EXERCISE DIRECTIONS:
When you copy the data, keep every word exactly as it is and leave the pictures out.

GIVEN INFORMATION:
══════════

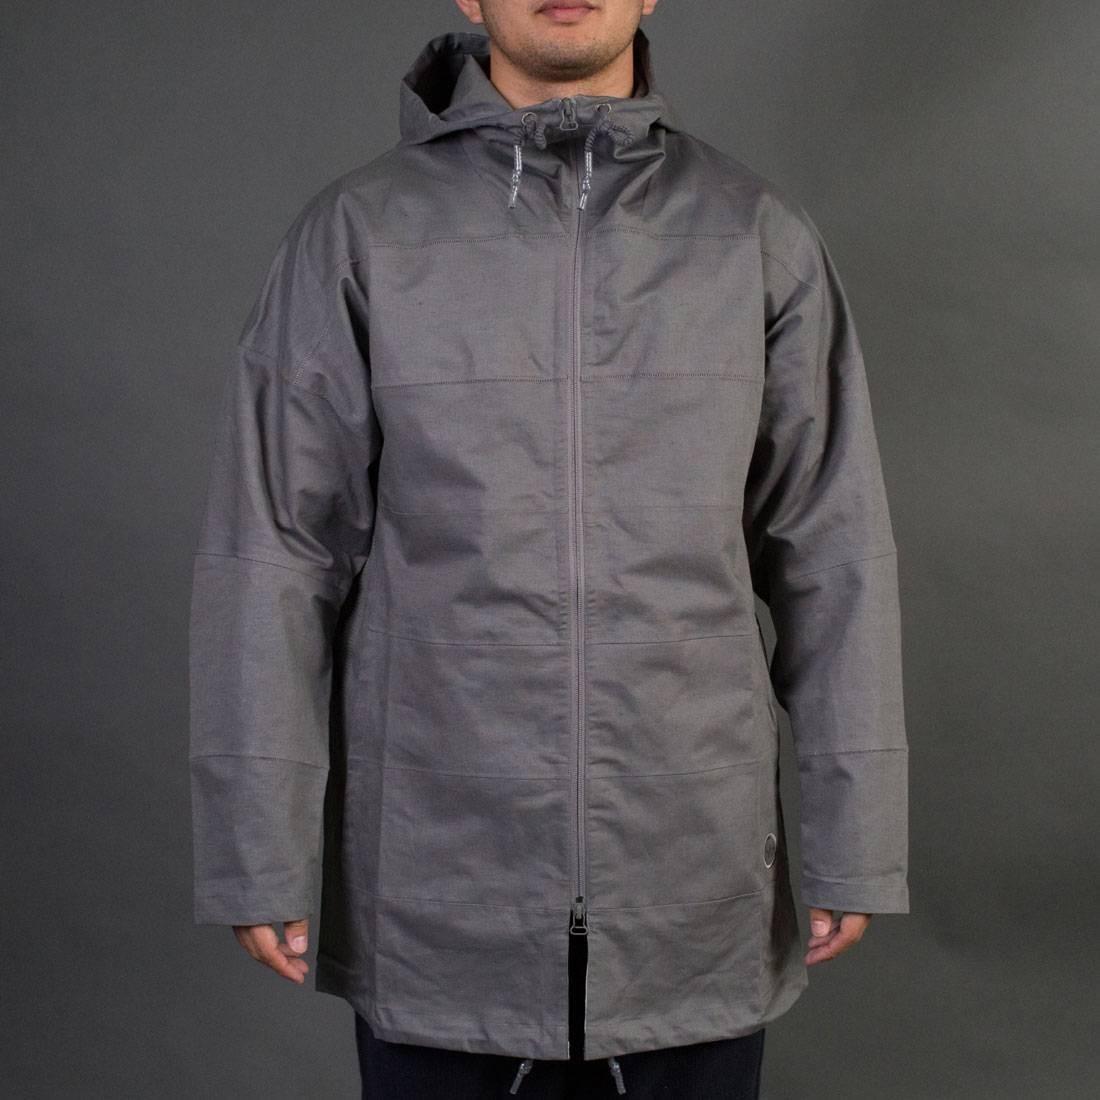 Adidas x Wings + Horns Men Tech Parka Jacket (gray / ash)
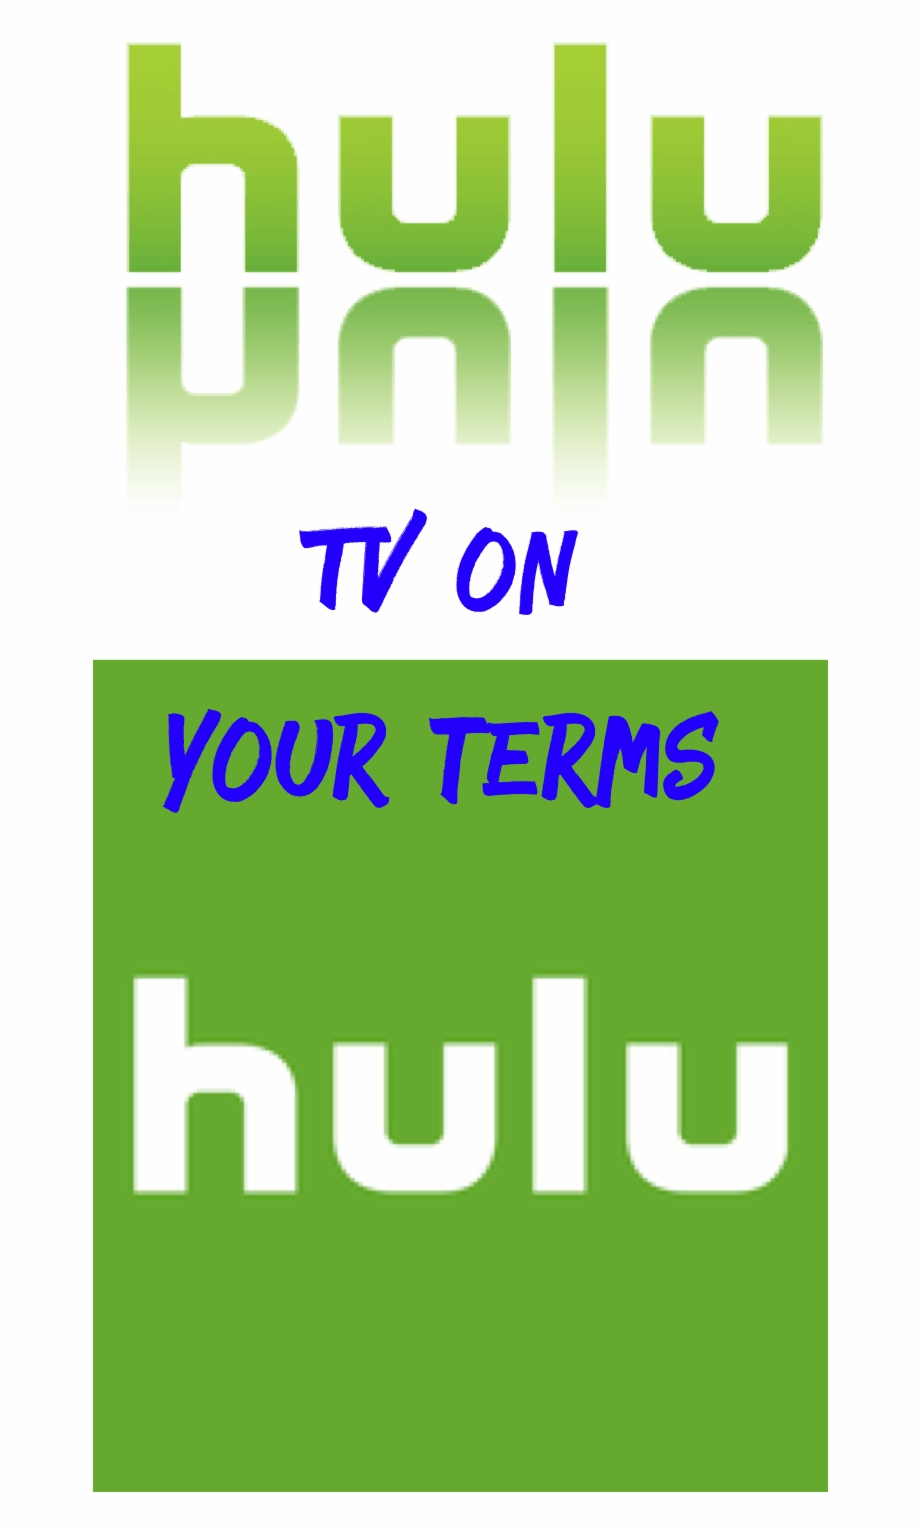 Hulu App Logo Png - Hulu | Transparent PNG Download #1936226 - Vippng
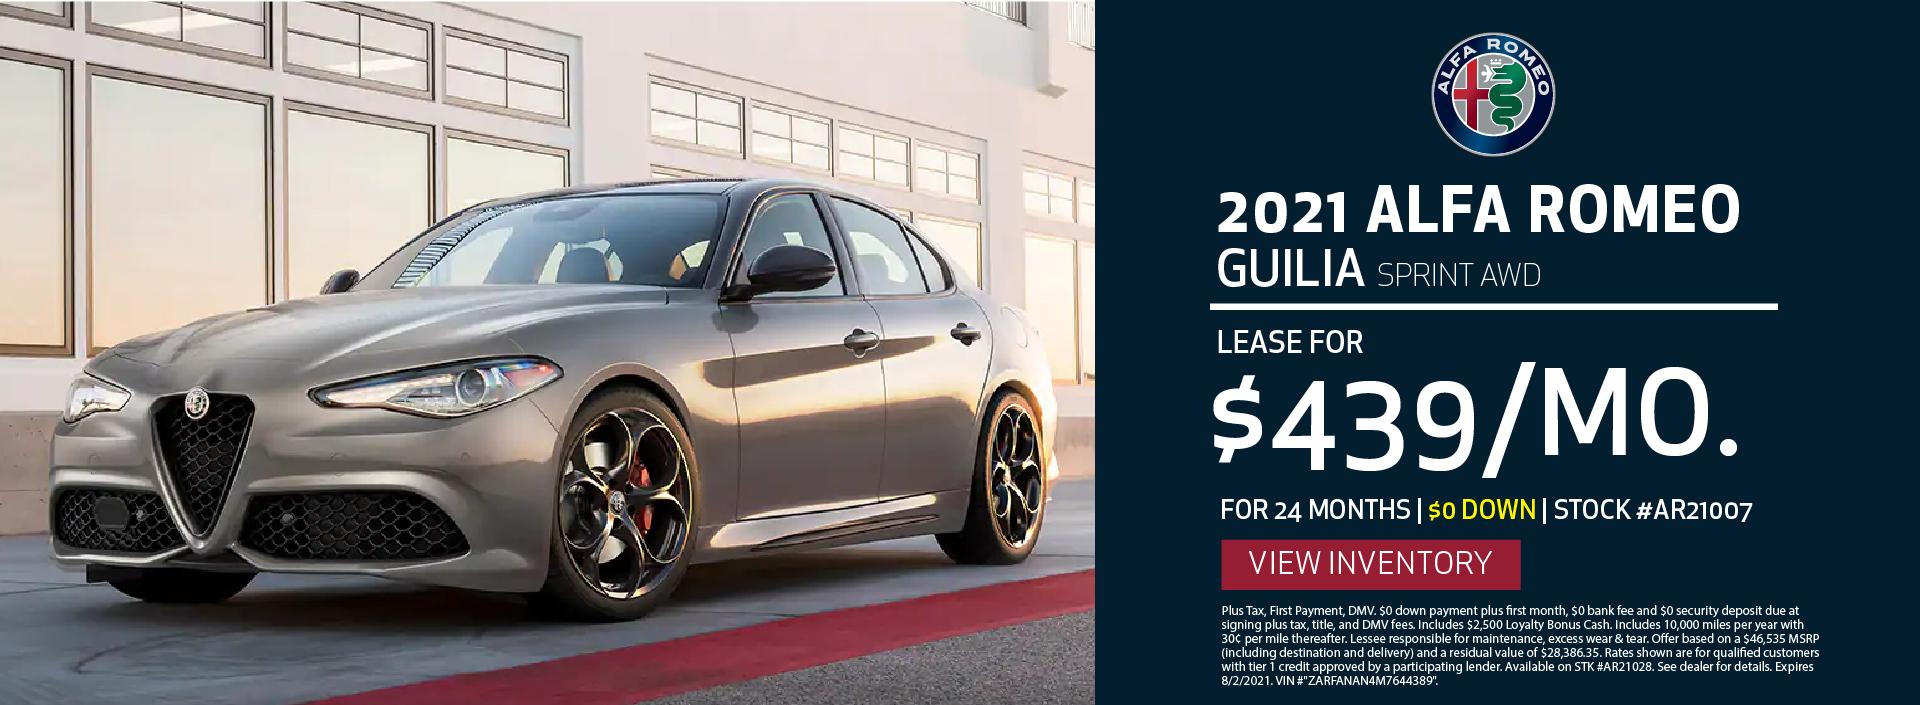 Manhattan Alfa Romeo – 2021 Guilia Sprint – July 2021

══════════

OUTPUT OF THE EXERCISE:
 Adidas x Wings + Horns Men Tech Parka Jacket (gray / ash)
 Hulu App Logo Png - Hulu | Transparent PNG Download #1936226 - Vippng
 Manhattan Alfa Romeo – 2021 Guilia Sprint – July 2021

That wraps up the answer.